Открыв глаза, он долго, не понимая ничего, лежал, оглядываясь. Это был всего лишь сон — кошмар, отголосок событий вчерашней ночи, а сейчас… Василий лениво повернулся в сторону окна. В окнах пятиэтажного бывшего доходного дома напротив уже зажглись утренние огоньки. Обитатели бывших трущоб Петроградской уже пробудились, собираясь на работу. Сколько же он спал? Час? Два?
Однако вчера ночью работа была сделана и теперь, теперь он может позволить себе поваляться лишний часок в постели. Василий блаженно закрыл глаза, и тут же перед его мысленным взором встала расстрельная, труп девушки с медальоном на груди.
Да будь все проклято! Ничего не кончено. Эта тварь — старая карга, гадательница хренова, она посеяла в его душе семя сомнения, семя беспокойства. Достойно отомстила своему убийце. Василий слышал про такие штуки, но на своей шкуре никогда ничего подобного не испытывал. И спасения от такого проклятия не было, только если и в самом деле начнешь разбираться, раскроешь смысл предсмертного пророчества. Тогда колдовские чары спадут, и ты, быть может, покой обретешь.

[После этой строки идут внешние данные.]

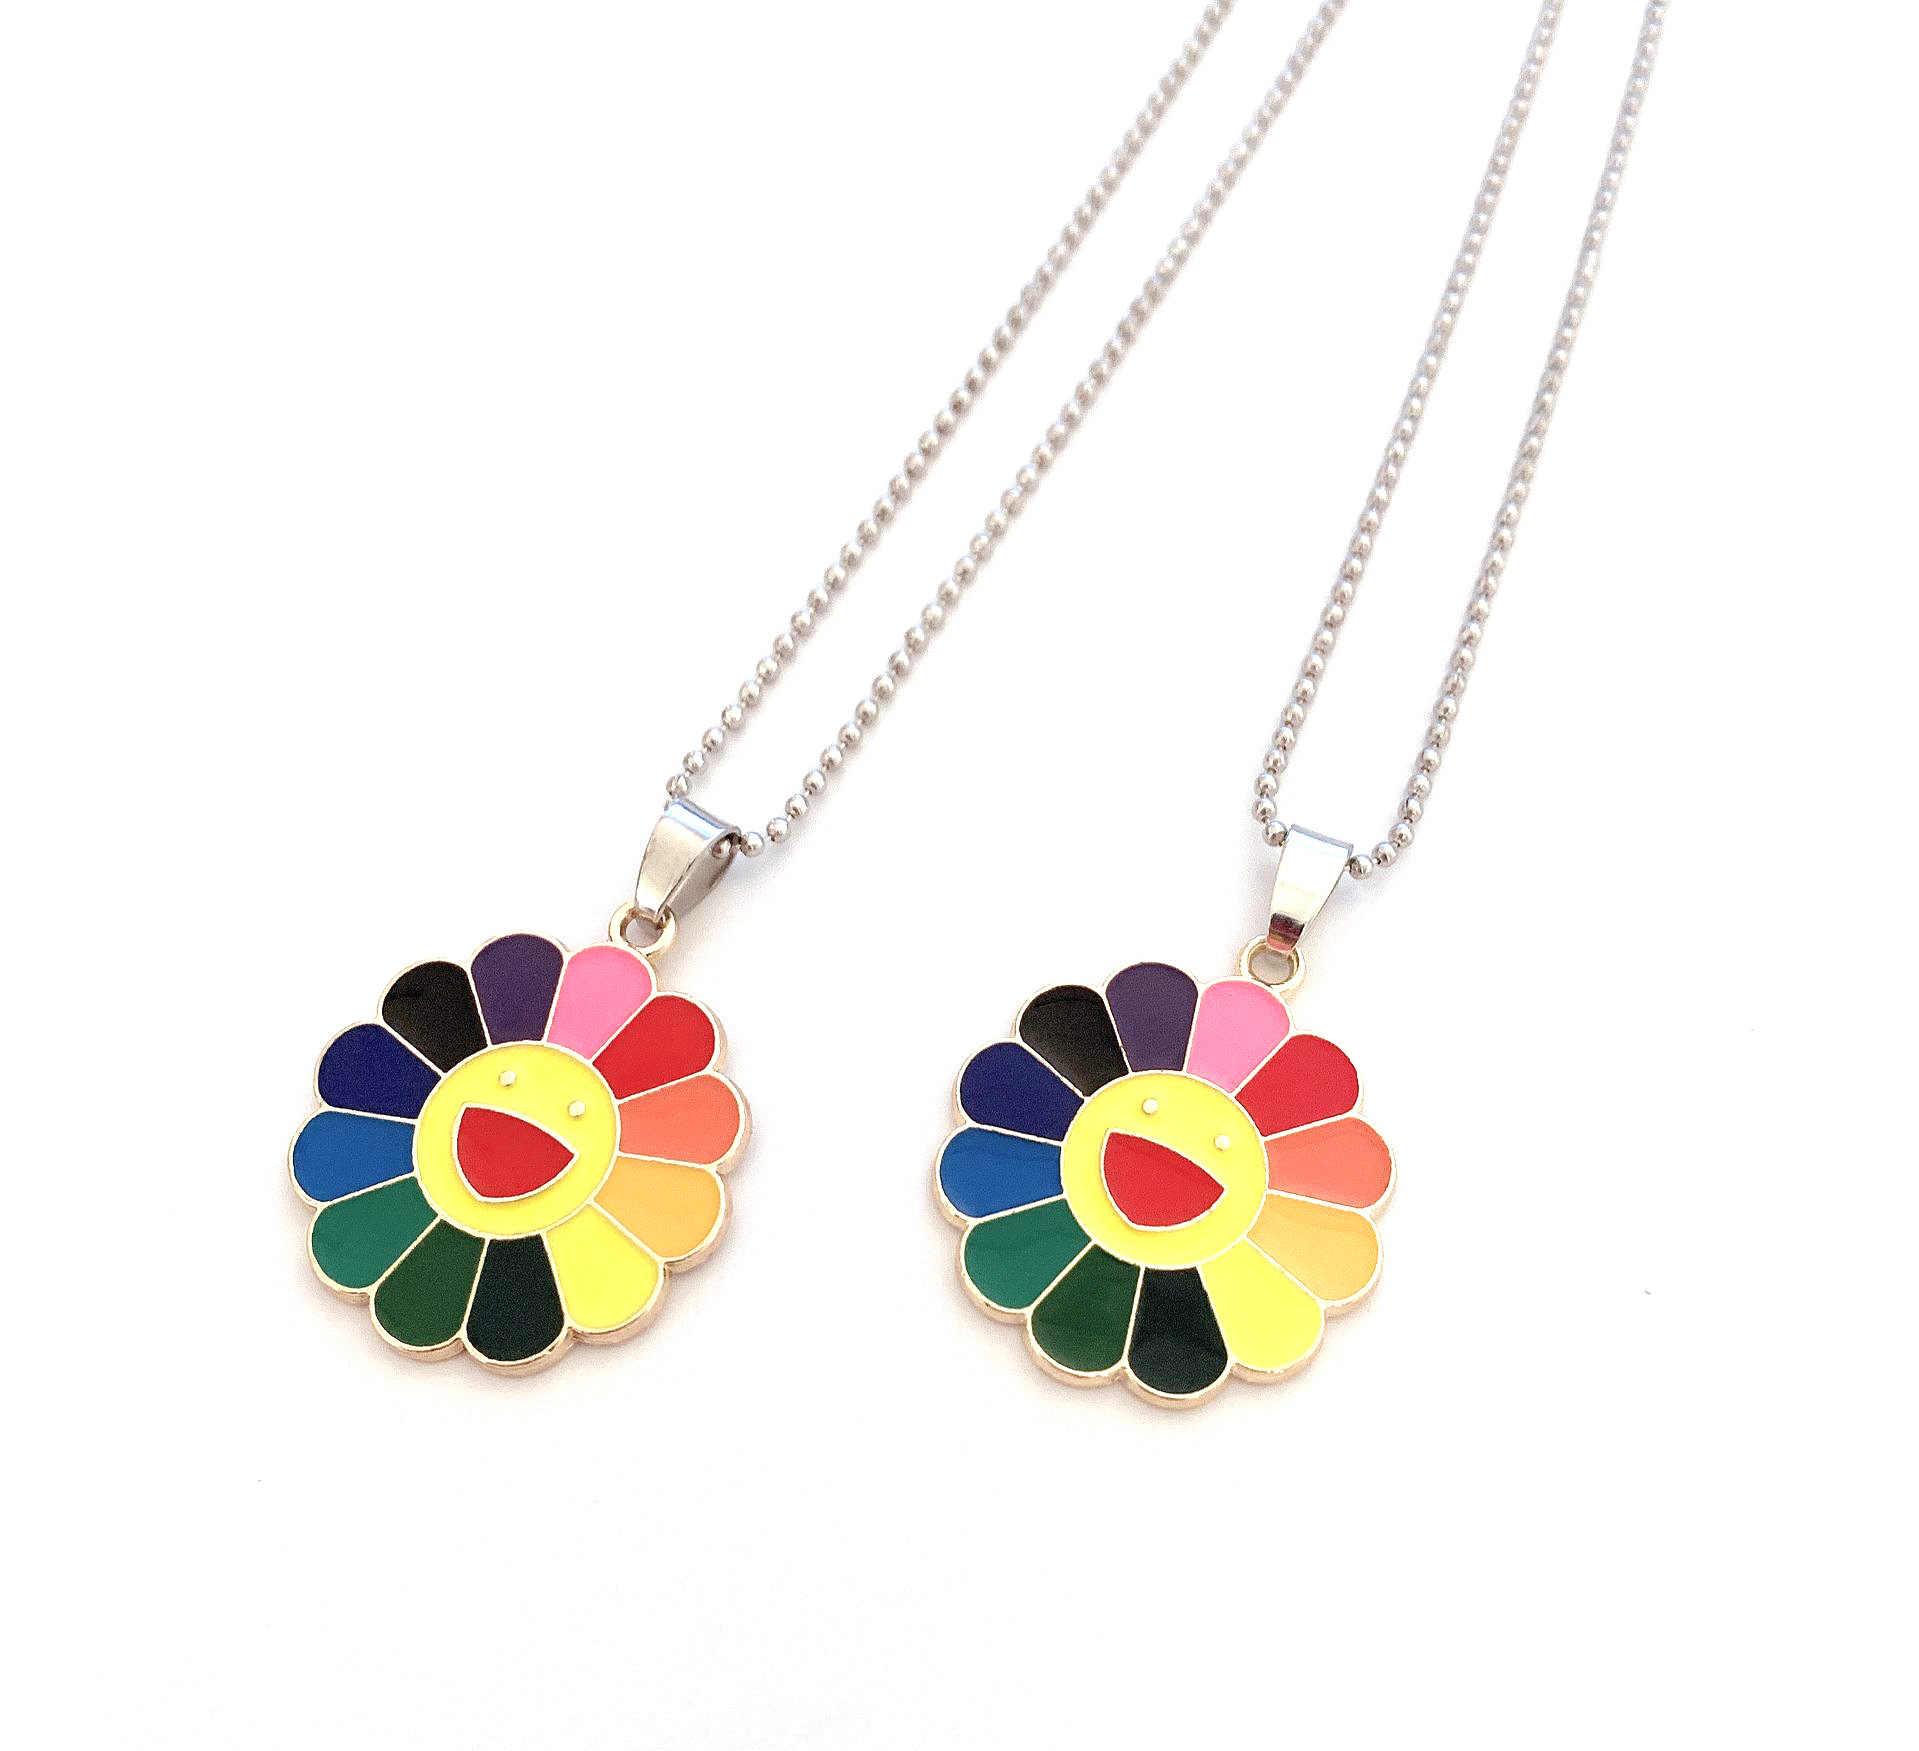 1Pcs Mode Legierung Klassische Anhänger Halskette Murakami Sonne Blume Sonnenblume Bunte Blütenblätter Smiley Können Gedreht Werden Dropshipping
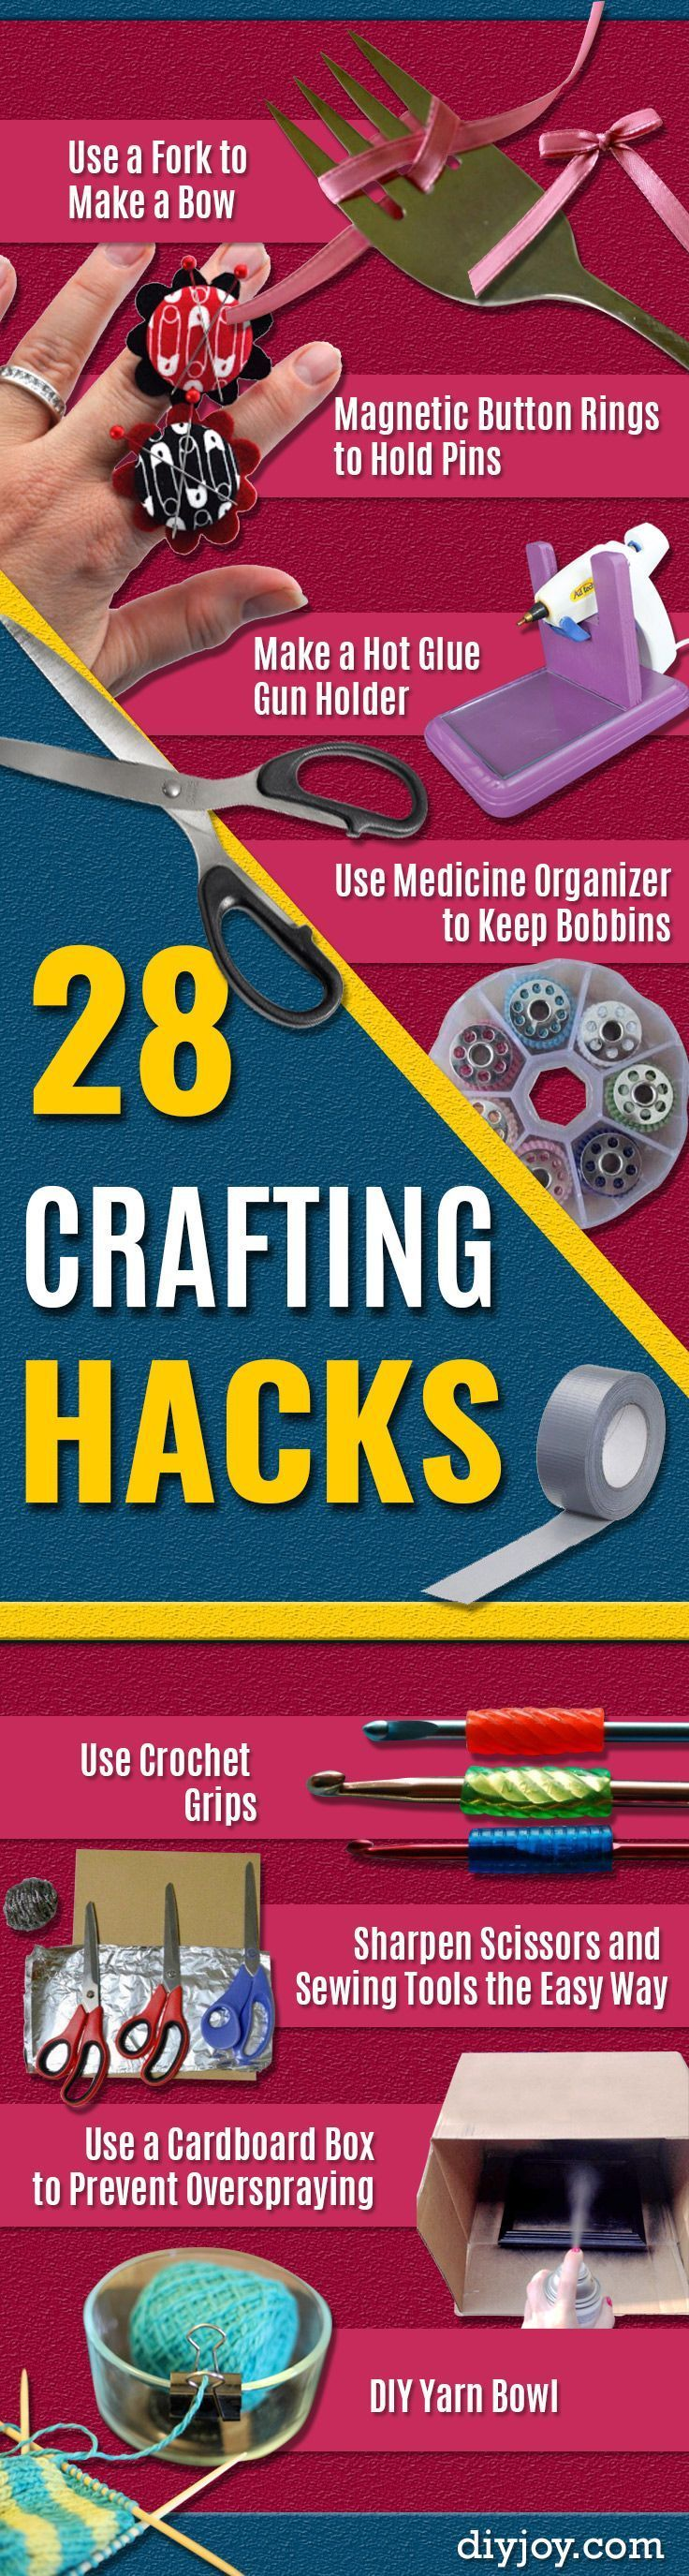 DIY Crafting Hacks - Easy Crafting Ideas for Quick DIY Projects - Awesome Creative, Crafty Ways for Dollar Store, Organizing, Yarn, Scissors and Pom Poms http://diyjoy.com/diy-crafting-hacks
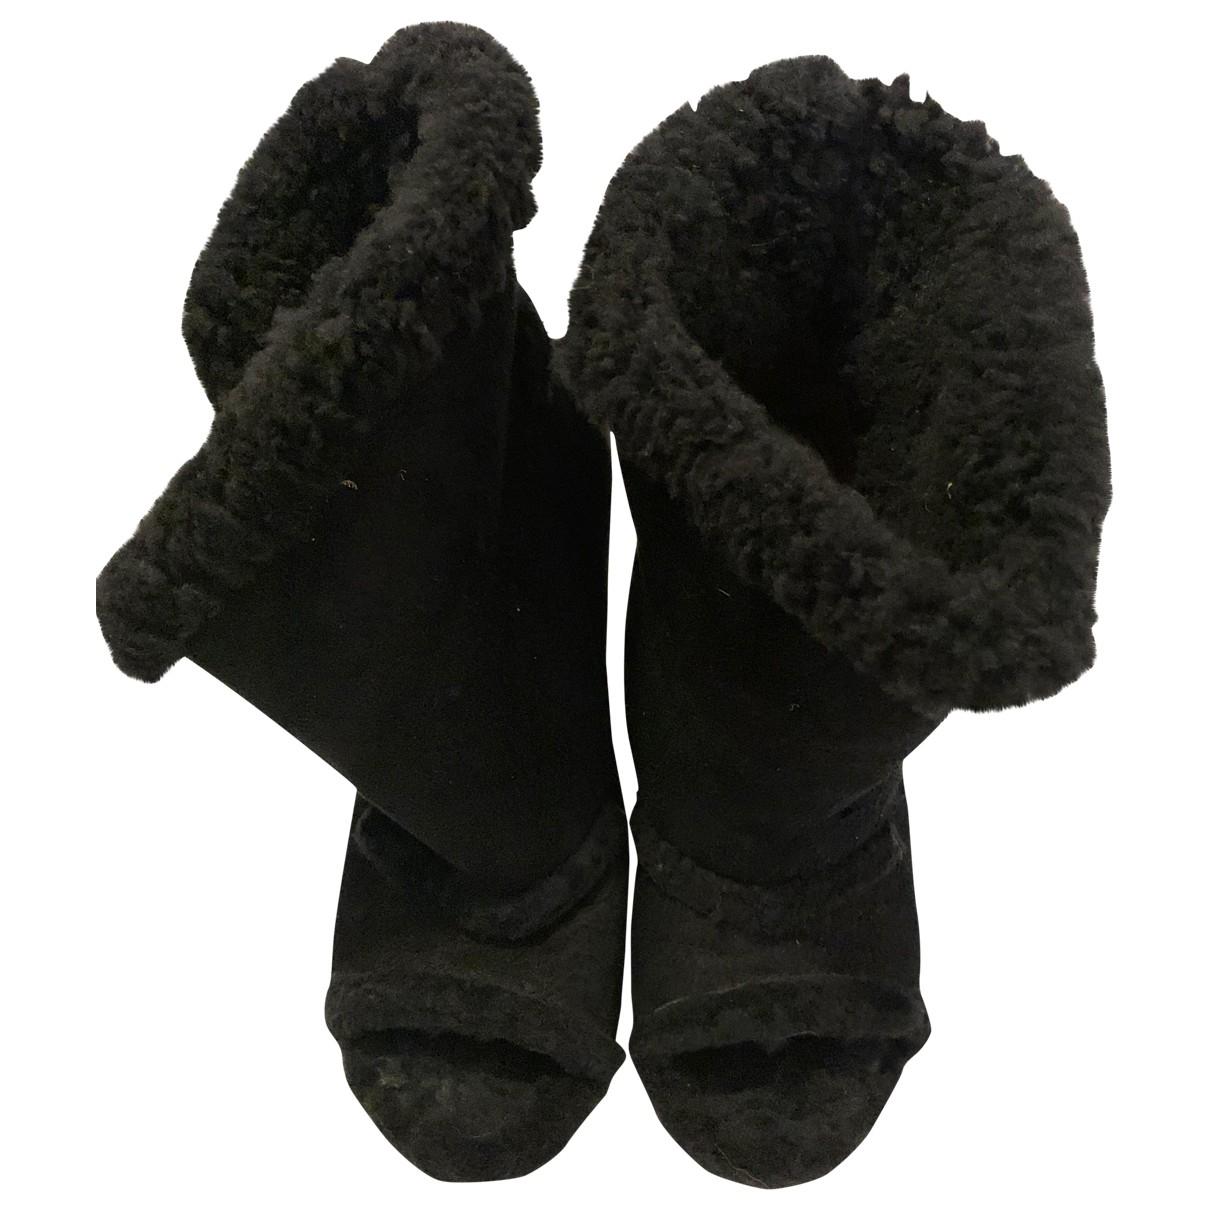 Maison Martin Margiela \N Black Suede Ankle boots for Women 38 IT
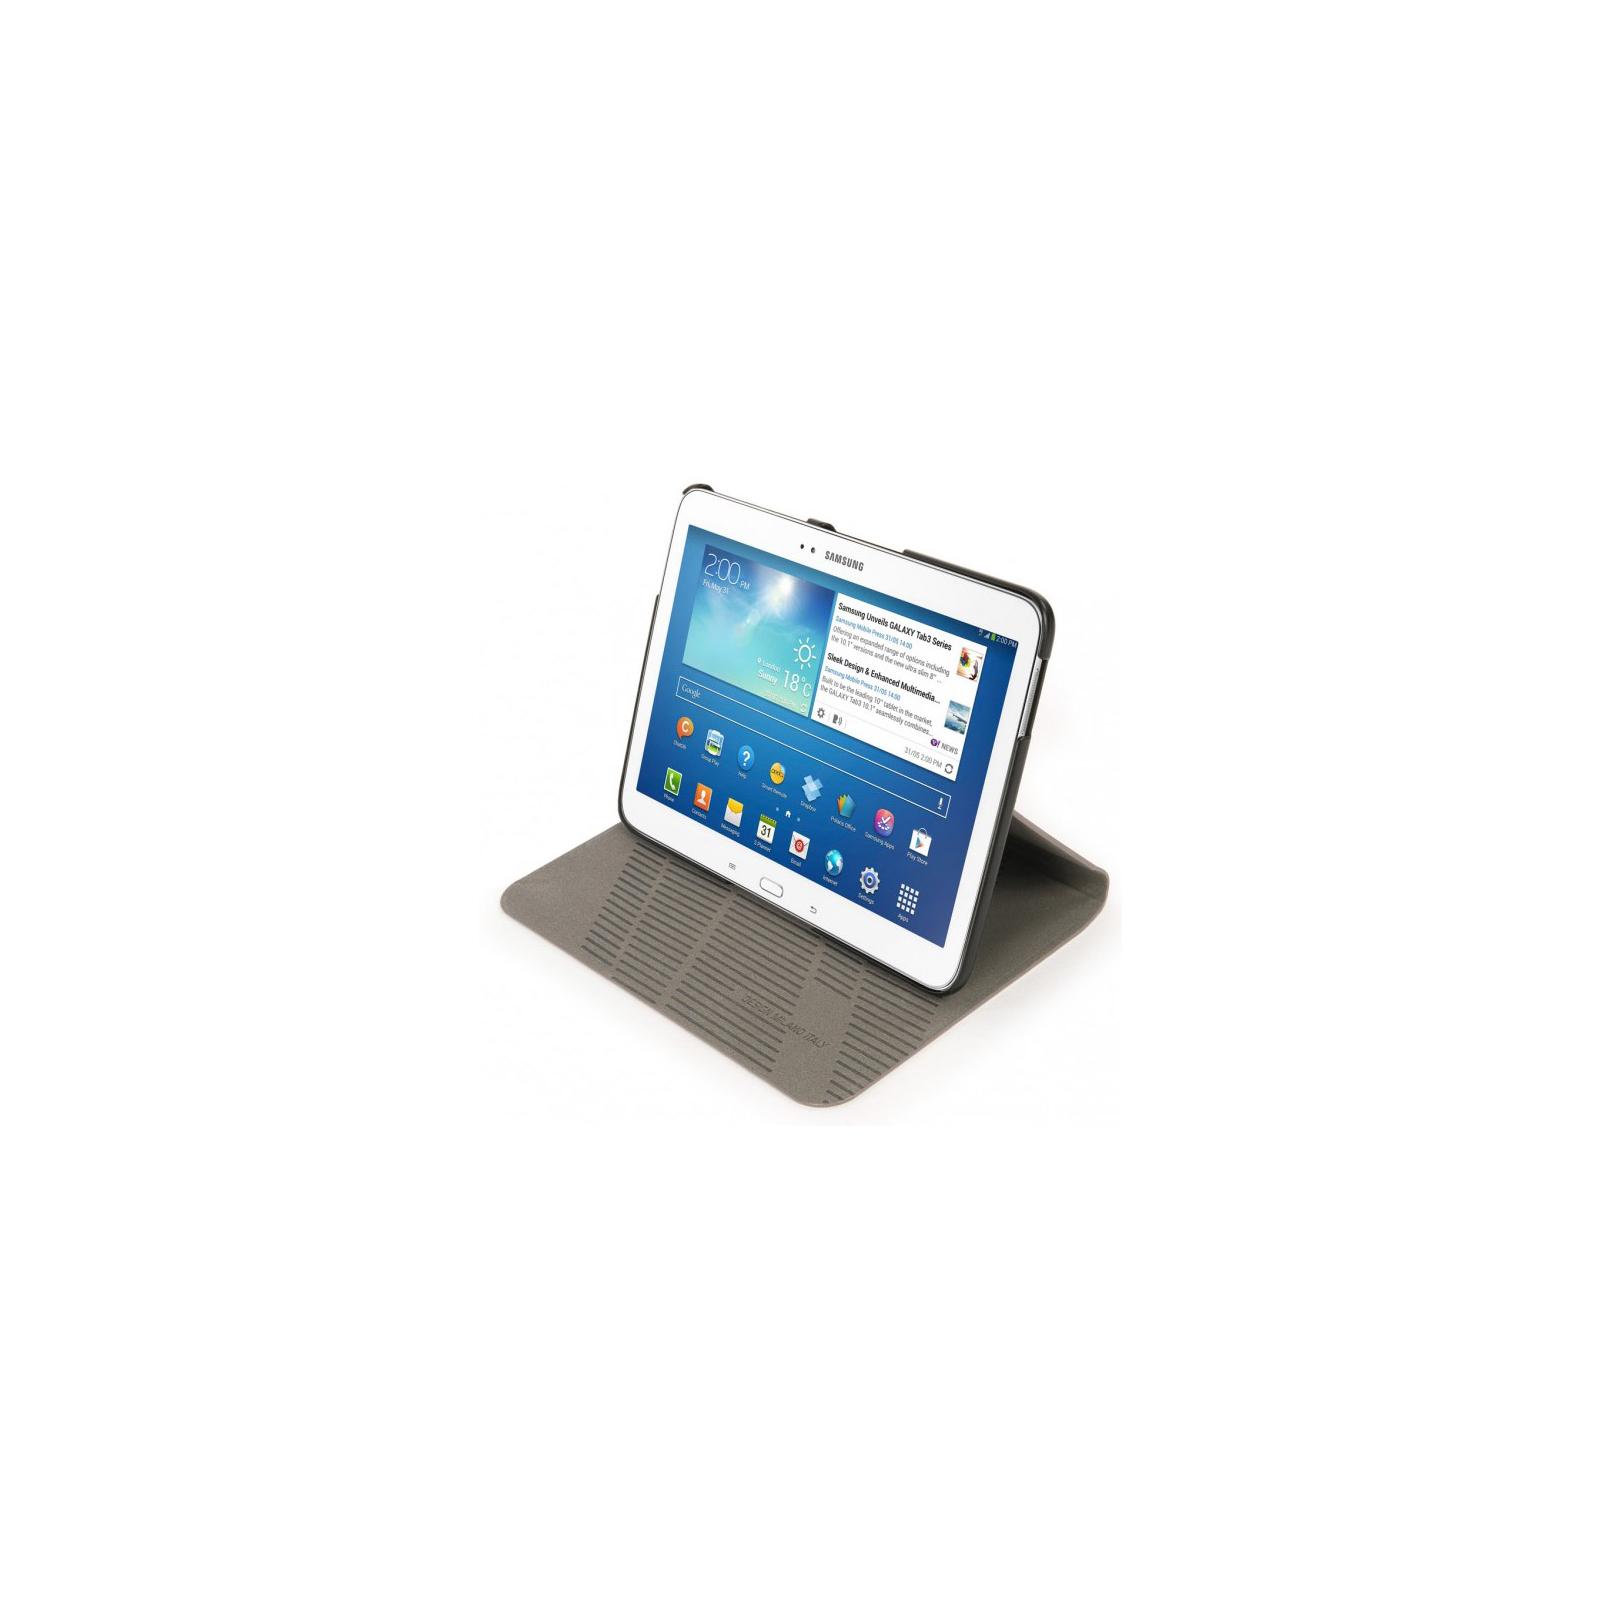 Чехол для планшета Tucano Galaxy Tab3 10.1 Macro (TAB-MS310-G) изображение 5

«Но во что же попыталась втравить меня перед смертью эта тварь?» — Василий тяжело вздохнул. Нужно было вставать и попытаться поставить в этом деле жирную точку. Вот только как бы вместо точки не вышло длинное многоточие.
И уже через двадцать минут Василий бодро шагал по набережной Невы в сторону Троицкого моста. Он мог пройти ближней дорогой, через Александровский сад, или нырнуть в лабиринт узких улочек Петроградской, но в это утро он хотел свободы, простора, вырваться из клетей каменных трущоб. Он шел мимо Петропавловки, царапающей шпилем низкие, сизые тучи. Было темно. С залива дул ледяной ветер. Черные волны шуршали о темный гранит. Василию даже стало казаться, что ночь не закончилась, что его краткий визит домой, теплая постель и сто спирта с тарелкой горячего борща — милостивый дар пожилой соседки по коммуналке — все это лишь приснились ему. Ночь продолжалась. Вечная ночь.
Потом он почему-то решил, что уже опоздал. Еще вчера, или точнее сегодня, прикончив колдунью, ему надо было стремглав лететь в расстрельный отдел. Надо было найти ту девушку с амулетом, брелком или что там было у нее. И тогда… А что, собственно, тогда произошло бы…
В какой-то миг Василий поймал себя на том, что почти бежит. «Нет. Нельзя поддаваться панике, — осадил он себя. — Все должно идти неспешно, своим чередом. Ведь проклятая ведьма на то и рассчитывала…» Сжав всю свою волю в кулак, Василий сбавил темп, заставляя себя степенно вышагивать, как на прогулке, а не мчаться очертя голову, словно служащий, опаздывающий на работу.
Свернув по Ждановскому, он прошел пару кварталов и остановился возле ничем не примечательного трехэтажного дома. Именно здесь, в самом центре рабочего района размещался Третий Особый отдел ГУГБ — место, о котором не безосновательно ходило множество самых зловещих слухов.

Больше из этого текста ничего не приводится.